“These guys were scary smart and know how to position themselves in every part of the wireless ecosystem” – Om Malik
The “scary smart” guys veteran technology journalist Om Malik was referring to in his 2005 article was Qualcomm.
In 2010 India was the market that helped Qualcomm conclusively establish LTE as the global 4G standard, defeating rival Intel’s WiMAX. The sheer size of the Indian telecom market was large enough to tilt the scales (China was already LTE). So high were the stakes that Qualcomm spent $1 billion to buy spectrum in the cities of Mumbai and Delhi, and the states of Haryana and Kerala, even though it had no intention of ever operating a network. (In 2014 it sold the spectrum to Bharti-Airtel for $1.2 billion).
Now, in 2017, India is once again Qualcomm’s most important market. Because telecom’s next major upgrade cycle – 4G to 5G – is just a couple of years away. And because India is the only large market globally where Qualcomm has yet to face regulatory blowback.
The US FTC is proceeding with an anti-trust case against it.
South Korea’s anti-trust agency fined it $853 million in December last year.
It paid $975 million to settle a Chinese anti-trust investigation in 2015.
It faces the prospect of daily fines of up to $665,000 in the EU for potential anti-trust violations.
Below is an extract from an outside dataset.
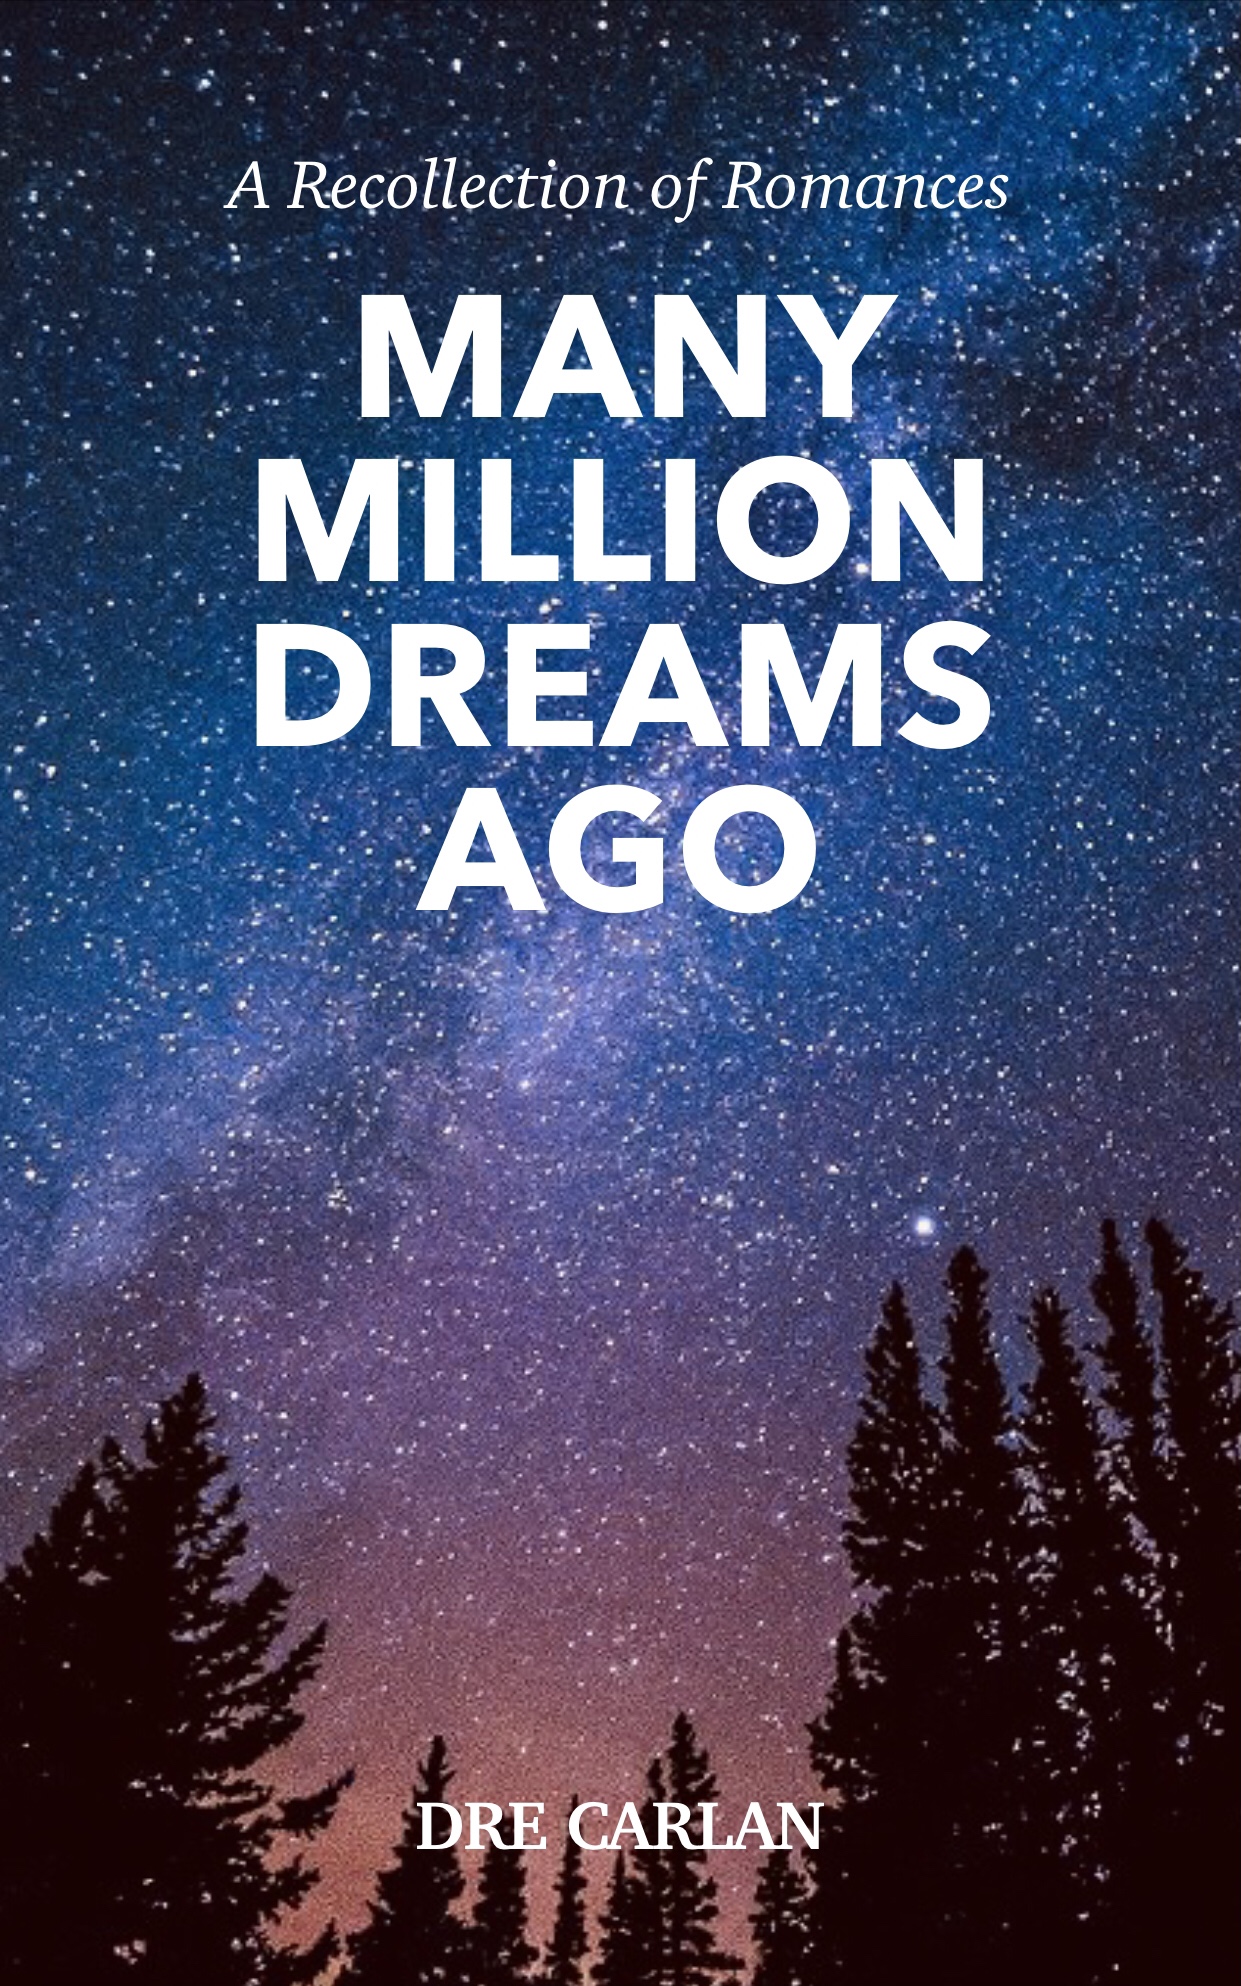 FREE: Many Million Dreams Ago: A Recollection of Romances by Dre Carlan

Qualcomm was also being investigated by the Taiwanese anti-trust authority over its licensing practices.
All of these cases are variants of one common theme: that Qualcomm uses its formidable size and patents arsenal to charge inordinately high royalties from phone makers and to stymie competition.
Amidst this global storm, India appears as an oasis for Qualcomm. One it is intent on keeping serene.
India: The Final Frontier
In early July, the Centre for Innovation, Intellectual Property and Competition of the National Law University (NLU) in Delhi, organised its second annual roundtable at the Taj West End, a five-star hotel in Bengaluru. The post-lunch session was titled “Role of IP and Competition Policy in Technology Markets: Business and Industry Perspectives”.
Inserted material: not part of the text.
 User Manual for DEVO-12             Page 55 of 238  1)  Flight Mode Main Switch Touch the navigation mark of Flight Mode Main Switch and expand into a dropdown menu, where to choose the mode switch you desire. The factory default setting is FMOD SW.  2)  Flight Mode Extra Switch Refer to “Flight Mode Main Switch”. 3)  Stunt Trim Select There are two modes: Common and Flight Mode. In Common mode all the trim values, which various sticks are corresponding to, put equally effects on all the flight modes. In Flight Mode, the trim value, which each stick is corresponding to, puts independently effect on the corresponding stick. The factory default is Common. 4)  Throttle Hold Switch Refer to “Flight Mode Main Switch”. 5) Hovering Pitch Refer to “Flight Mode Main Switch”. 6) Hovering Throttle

The moderator of the panel, Jay P Kesan, a professor of IP and technology law from the University of Illinois, was virtually “toeing the line of the company spokesperson without any disclosure,” according to an attendee The Ken spoke to. Not just that, said the attendee, but the moderator would compulsively and aggressively “rebut any contrarian point raised by the rest of the panellists.” For instance, when a panellist pointed towards other countries like the US, Korea, and Japan investigating Qualcomm for anti-trust violations, the moderator quickly interjected to say, “Where is the evidence of abuse?”
Mr Kesan, who has co-authored several papers with a high-ranking Qualcomm official, also appeared to justify the company’s practices in patent licensing through several arguments.